While Waters so precisely paints the journey and effects of tragedy, he can also depict the importance of family unity, even in the most bizarre of circumstances. “Electric Fence,” which is dedicated to Waters’ 10-year-old son during the first year of Trump’s presidency, has the speaker, a father, being dared to touch his fingers on an electric fence that they have been told not to touch. Where they are exactly isn’t clear, but one can’t help but remember the scene in Jurassic Park where Dr. Grant tests the fence to escape potential raptors. While there is not element of danger related to prehistoric creatures, there is an excitement that the speaker feels when he does touch the fence and feel the “splinter of lightning” tear through his limb and into his son’s (they are holding hands and performing the dare together). The son convinces his mother to join in the “human chain” and the mother concedes, because why not? Willingly agreeing to be a part of being electrocuted may not be the most logical of actions, but perhaps it doesn’t need to be when it is being done with ones you love most. There are many things that we do daily that defy any sense of rationality; Waters merely shows us what it looks like on a more intimate and meaningful level.

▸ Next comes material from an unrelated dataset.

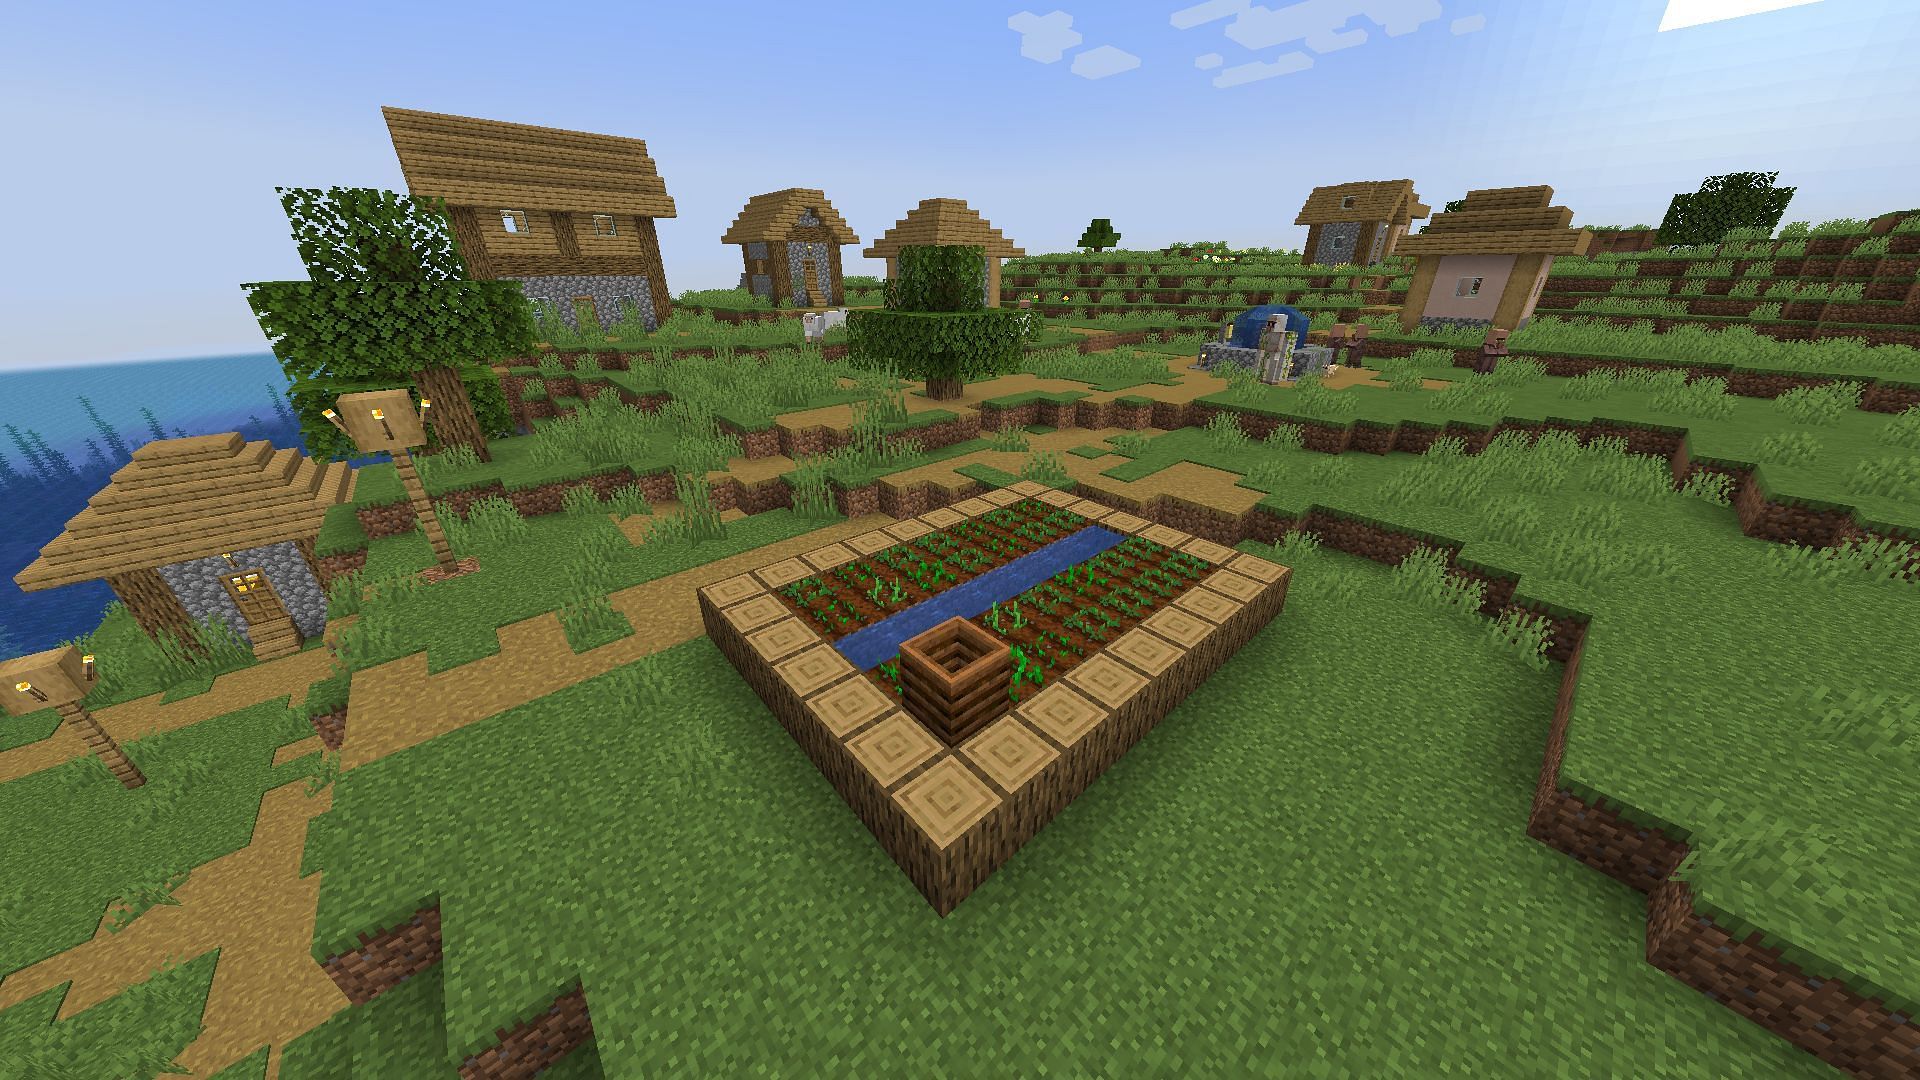 Players will directly spawn on a farm inside the Minecraft village (Image via Mojang)
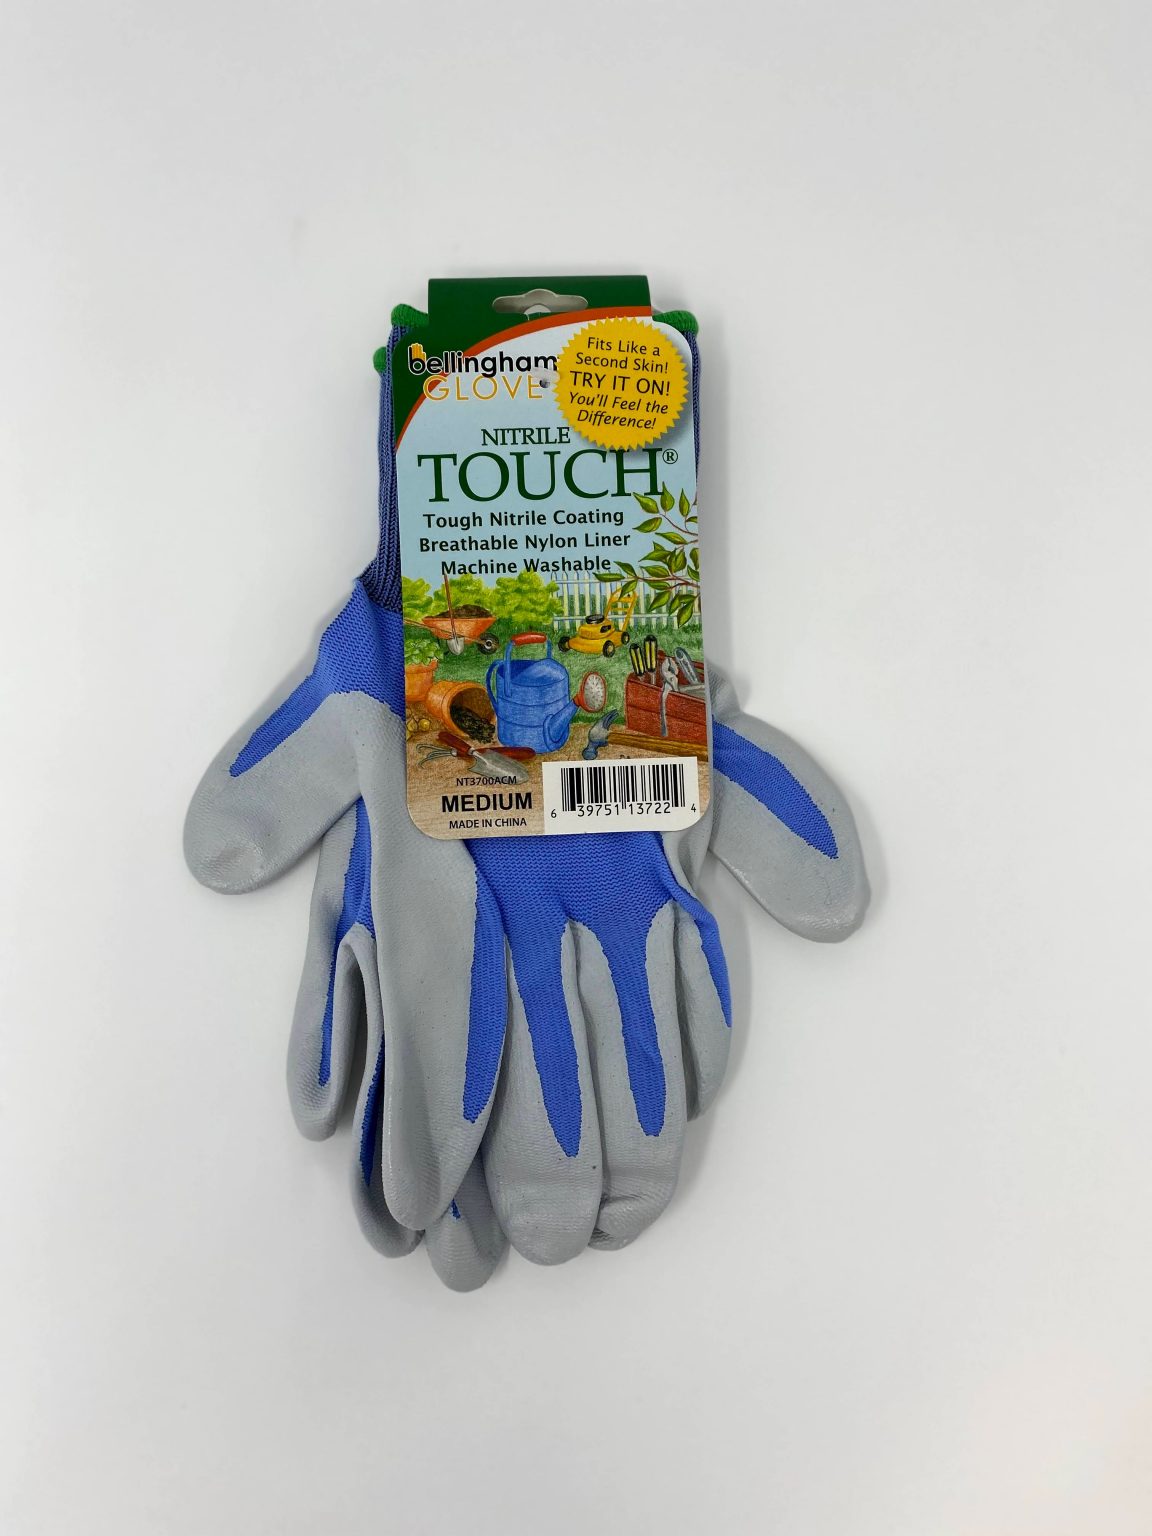 Nitrile TOUCH® Bellingham glove in blue color

Waters’ body of work will no doubt continue to be read, discussed, and studied, and Caw adds to that conversation. It is an important collection that page after page seeks to explore new and powerful ways to convey our relationship with obsession, love, aging, caregiving, and unity in the face of division. Read Waters’ work with the understanding that when you reach the end, you will value the small and large moments equally, and you will realize that you should never take anything for granted.